This study was a retrospective clinical trial. Patients who were admitted to our hospital due to DIACF from June 2009 to November 2013 were selected. Two different surgical procedures were randomly performed on these patients according to the patients' wishes and the classification of the fracture. Some patients underwent PR and screw fixation, and others were treated with plate fixation via STA. The study was approved by the Second Hospital of Wenzhou Medical University Research Ethics Committee.

Inclusion Criteria

Inclusion criteria: (i) DIACF (>2 mm) including Sanders types II and III; (ii) closed fracture; (iii) unilateral fracture; (iv) no history of smoking or no smoking during hospitalization and 3 months after surgery; and (v) follow‐up time is not less than 8 years.

Exclusion Criteria

Exclusion criteria: (i) Clear surgical contraindications (severe cardiovascular and cerebrovascular diseases); (ii) local or systemic infection symptoms; (iii) diagnosis of diabetes or lower extremity vascular disease; and (iv) Sanders type IV or open fracture patients.

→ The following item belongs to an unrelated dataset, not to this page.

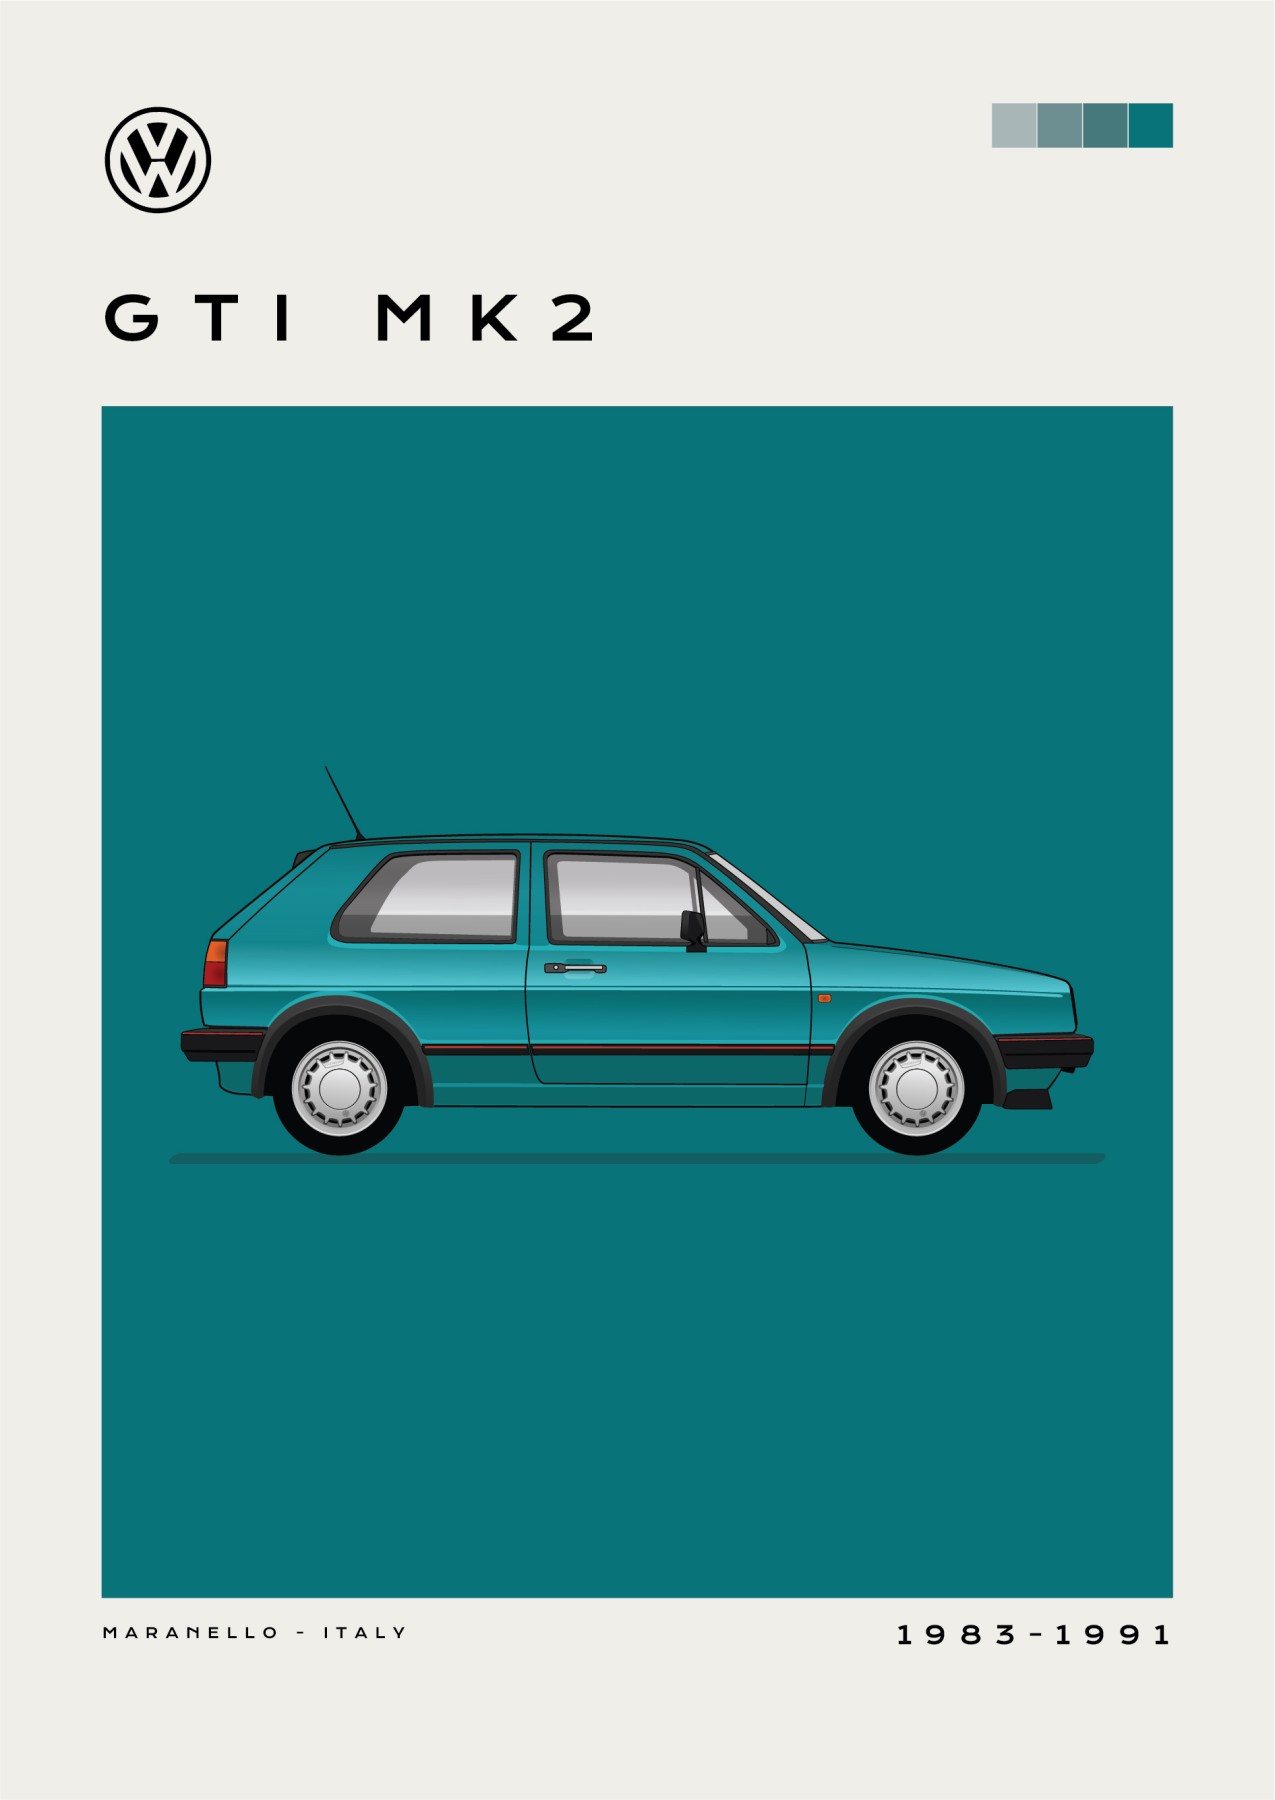 Volkswagen - GTI MK2 - Green
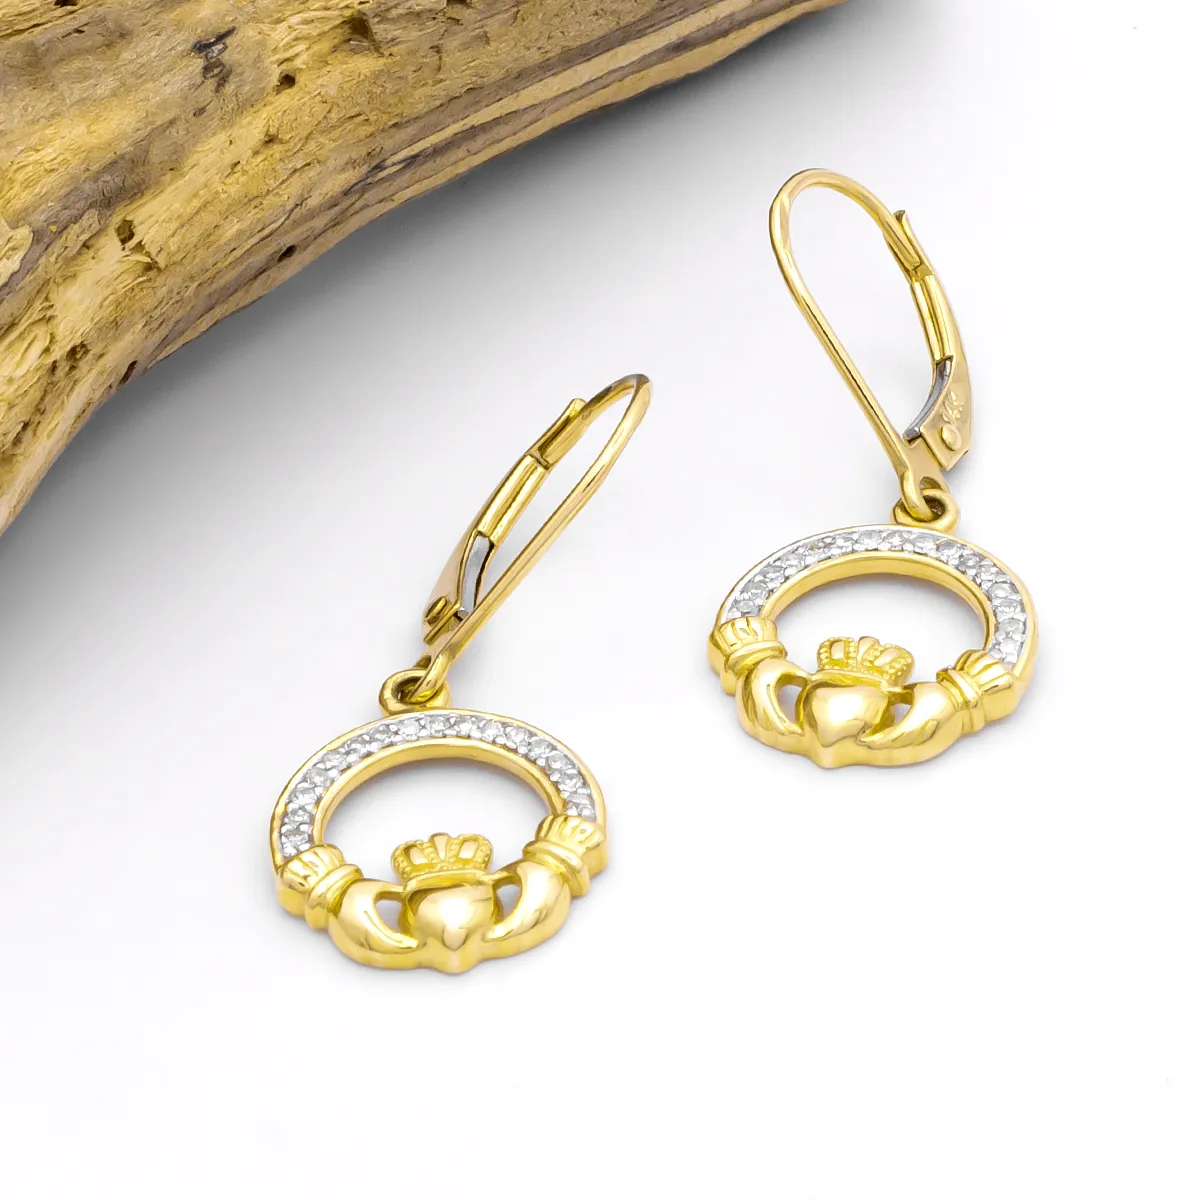 IJCE0012 Yellow Gold Claddagh Ring Earrings 2

A total of 150 patients met the inclusion criteria, with 78 patients in the first group and 72 patients in the second group. The two groups of patients were categorized in terms of age, sex, cause of injury, and Sanders classification etc. (Table 1). The average time between hospitalization due to injury and the start of surgery was 5 (range, 1 to 7) days.

Table 1

Comparison of preoperative characteristics and follow‐up outcomes between two groups

Demographic data	PR Group (78 cases)	STA Group (72 cases)	P‐value
Age (years, mean ± SD)	39.0 ± 10.9	37.7 ± 11.5	0.722
Sex			0.792
Male	45	40
Female	33	32
Etiology			0.938
Fall from a height	60	55
Traffic accident	18	17
Sanders type			0.448
Sanders II	60	59
Sanders III	18	13
Good to excellent results (cases [%])
Sanders type II	57 (95.0)	56 (94.9)	1
Sanders type III	6 (33.3)	10 (76.9)	0.029
Total	63 (80.8)	66 (91.7)	0.055
AOFAS scores (mean ± SD)
BO	54.2 ± 5.1	55.0 ± 5.6	0.743
AO	85.8 ± 4.0	84.5 ± 5.2	0.692
1 y	88.1 ± 3.8	87.1 ± 3.8	0.433
3 y	87.9 ± 3.6	86.9 ± 3.8	0.397
5 y	87.8 ± 3.9	87.7 ± 3.3	0.862
8 y	86.9 ± 3.9	87.6 ± 2.8	0.549
Complications (cases)
Wound complications	3	10	0.041
Superficial infection	2	7
Deep infection	1	2
Wound necrosis	0	1
Sural nerve injury	1	2	0.608
Peroneus longus and brevis muscle injury	1	2	0.608
Calcaneal valgus symptoms	1	3	0.351
Lateral impingement symptoms	3	2	1
Subtalar arthritis	1	1	1
Total (cases [%])	10 (12.8)	20 (27.8)	0.026

1 y, 1 year after operation; AO, after operation; BO, before operation; PR, percutaneous reduction; STA, sinus tarsi approach.

Surgical Method

All patients were placed in the lateral position with the affected side facing up. After routine disinfection and anesthesia, both groups were operated on by the same orthopaedists.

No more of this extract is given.